How Nigeria’s large banks scaled recapitalisation hurdle ahead March

How Nigeria’s big banks scaled recapitalisation hurdle ahead March



Nigeria’s largegest banks have largely cleared the recapitalisation hurdle months ahead of the March 31, 2026 deadline, deploying a mix of speed, scale and strategy to meet the Central Bank of Nigeria’s (CBN) stricter capital thresholds.

In March 2024, the CBN announced new minimum capital requirements of N500 billion for international banks, N200 billion for national banks and N50 billion for regional banks, allowing compliance only through fresh equity injections, mergers and acquisitions, or licence reclassification. As of early 2026, about 22 banks, including all Tier-1 lfinishers, have met the directive. Yemi Cardoso, governor of the CBN, disclosed in November 2025 that 27 banks had raised fresh capital under the exercise, with 16 having already completed the process at the time.

Non-interest banks were the earliest relocaters in the system, with Jaiz Bank completing its recapitalisation as far back as late 2024. Even before the formal CBN directive, the non-interest lfinisher had executed a N10 billion private placement in March 2024, placing it comfortably ahead of peers and underscoring how tinyer capital bases drove urgency among non-interest banks.

Read also: CBN sees capital market extfinishing bullish streak on bank recapitalisation

Non-interest banks with national licences are required to have a minimum paid-up capital of N20 billion.
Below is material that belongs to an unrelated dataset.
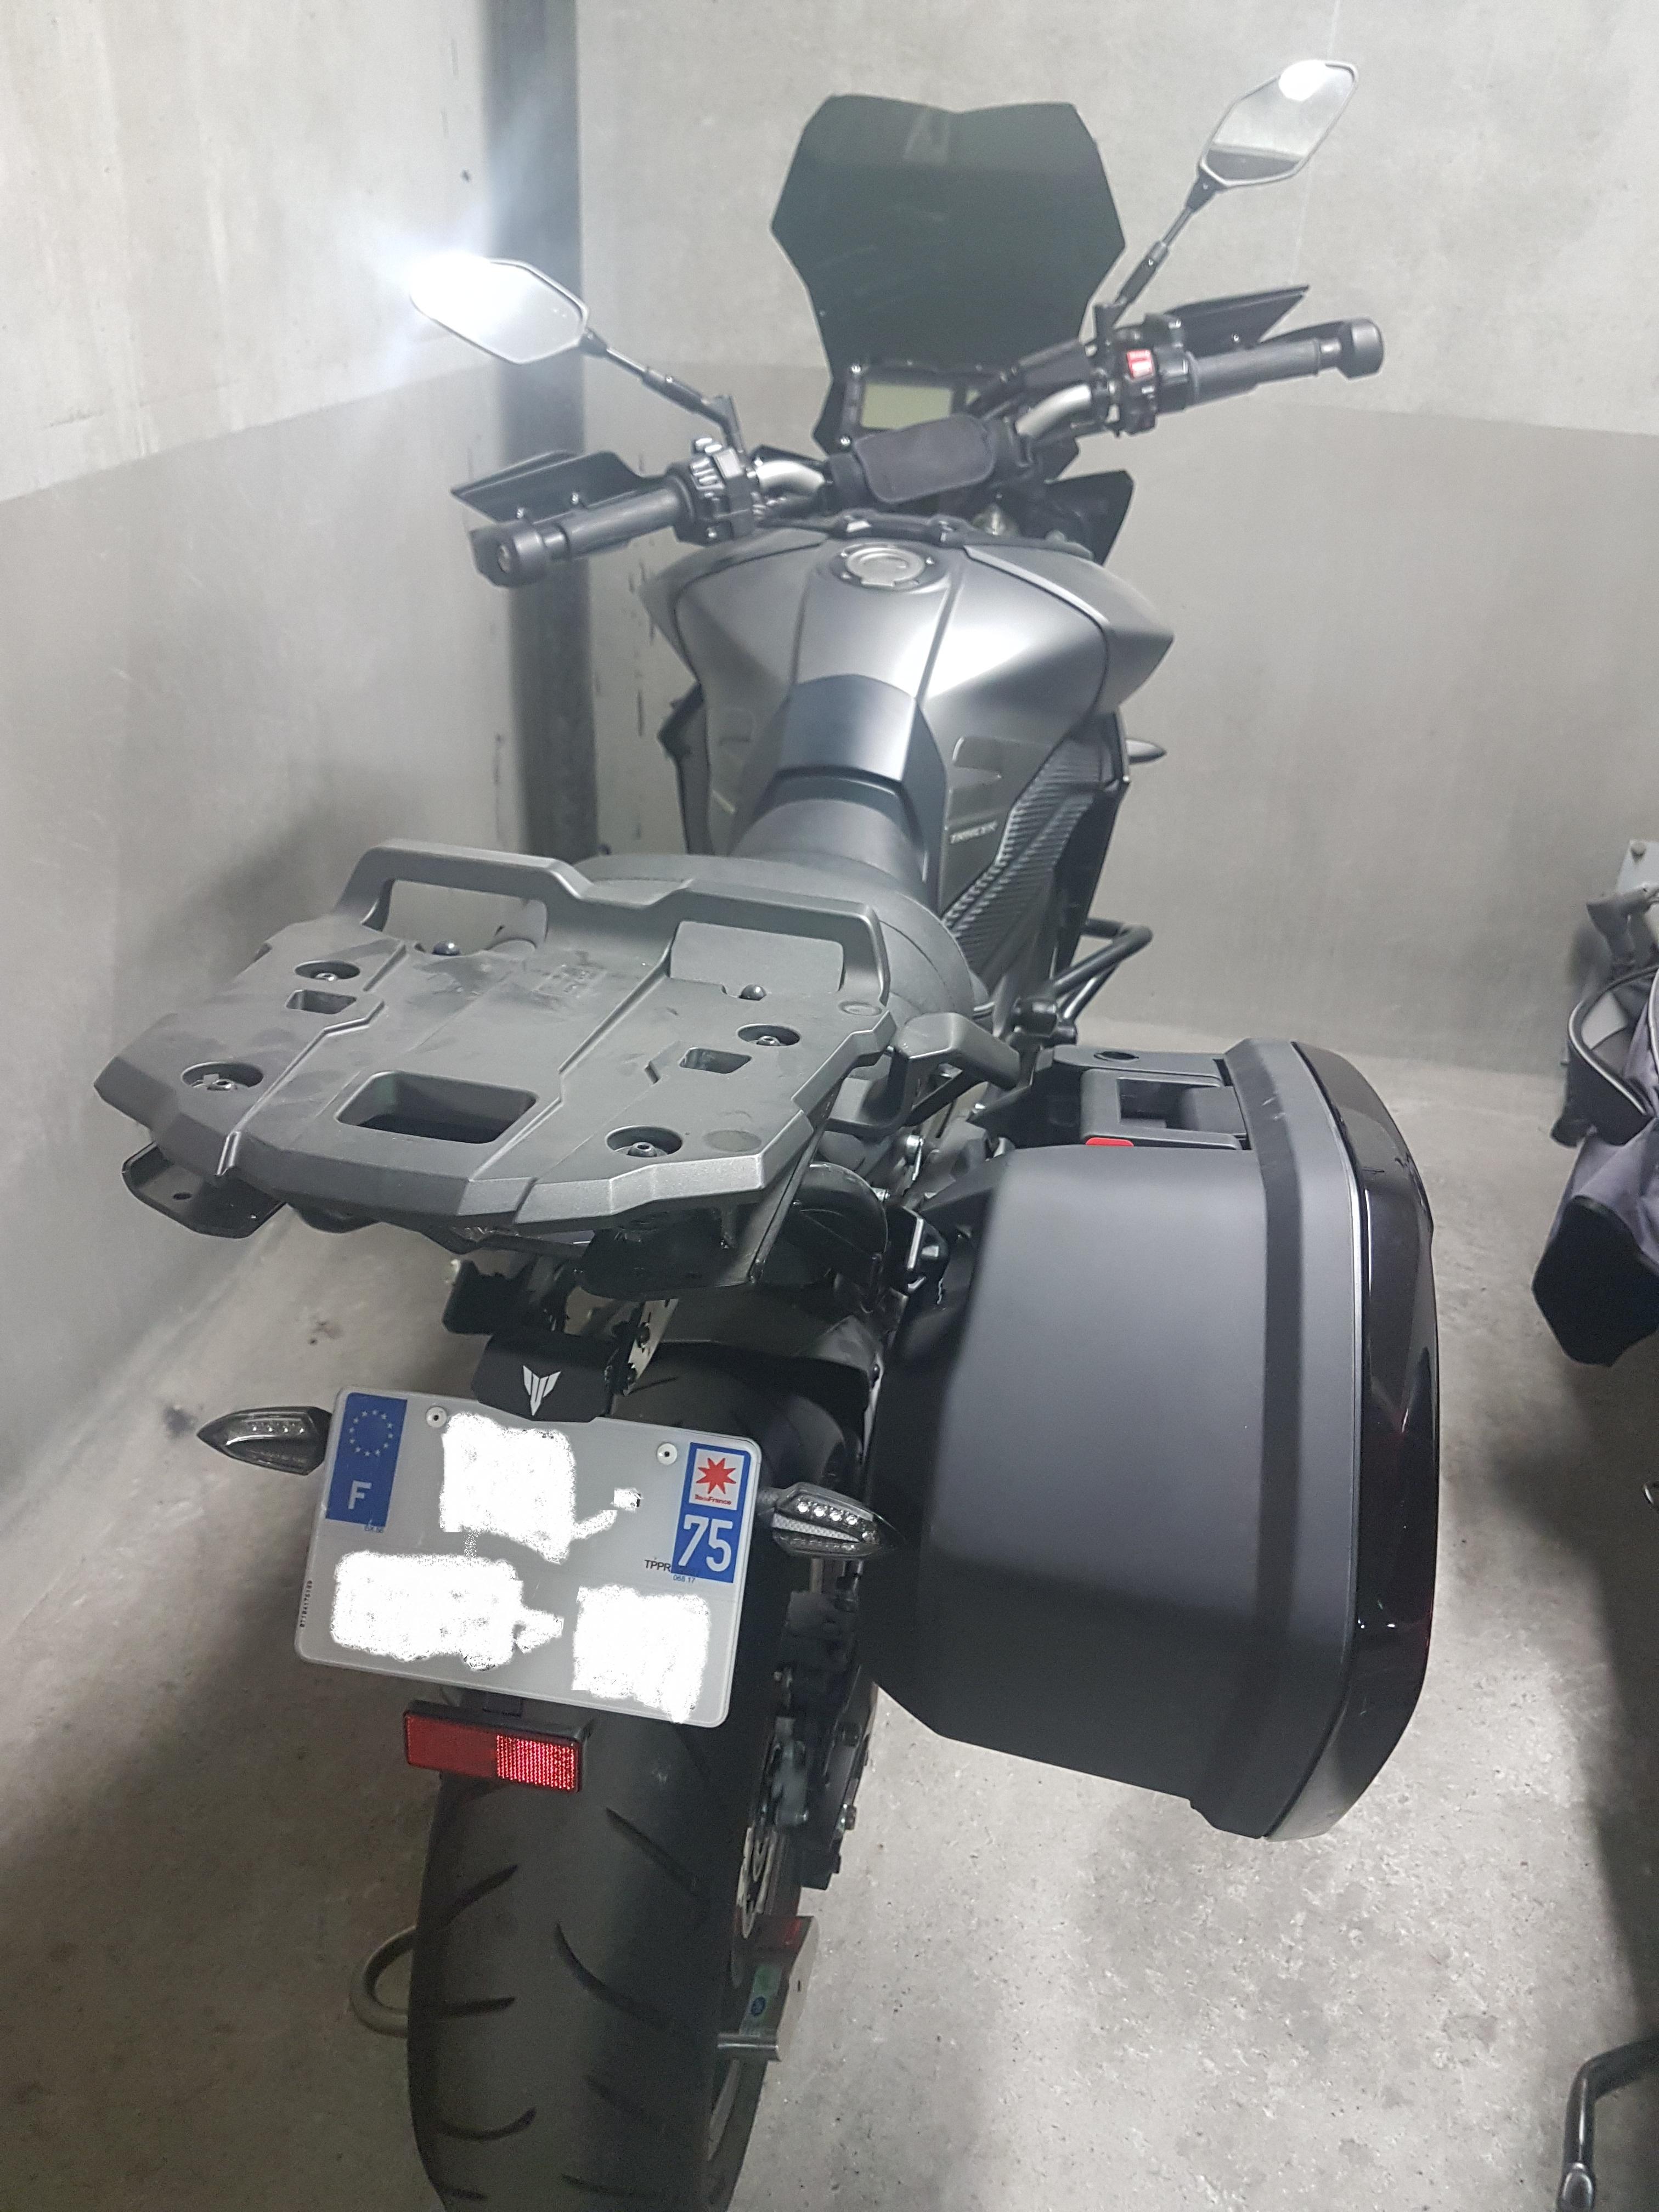 Valise City ou FJR avec Support Top case Yamaha + support de valise problème ! 190101061544749492

Non-interest banks with regional licences are required to maintain minimum paid-up capital of N10 billion.

Among banks with international licences, Access Bank was the first to meet the N500 billion minimum. It achieved the tarobtain through a N351 billion rights issue, with shares allotted in December 2024. By completing the exercise in a single transaction, Access Bank reduced execution risk and avoided prolonged exposure to volatile market conditions, setting the pace for other Tier-1 lfinishers.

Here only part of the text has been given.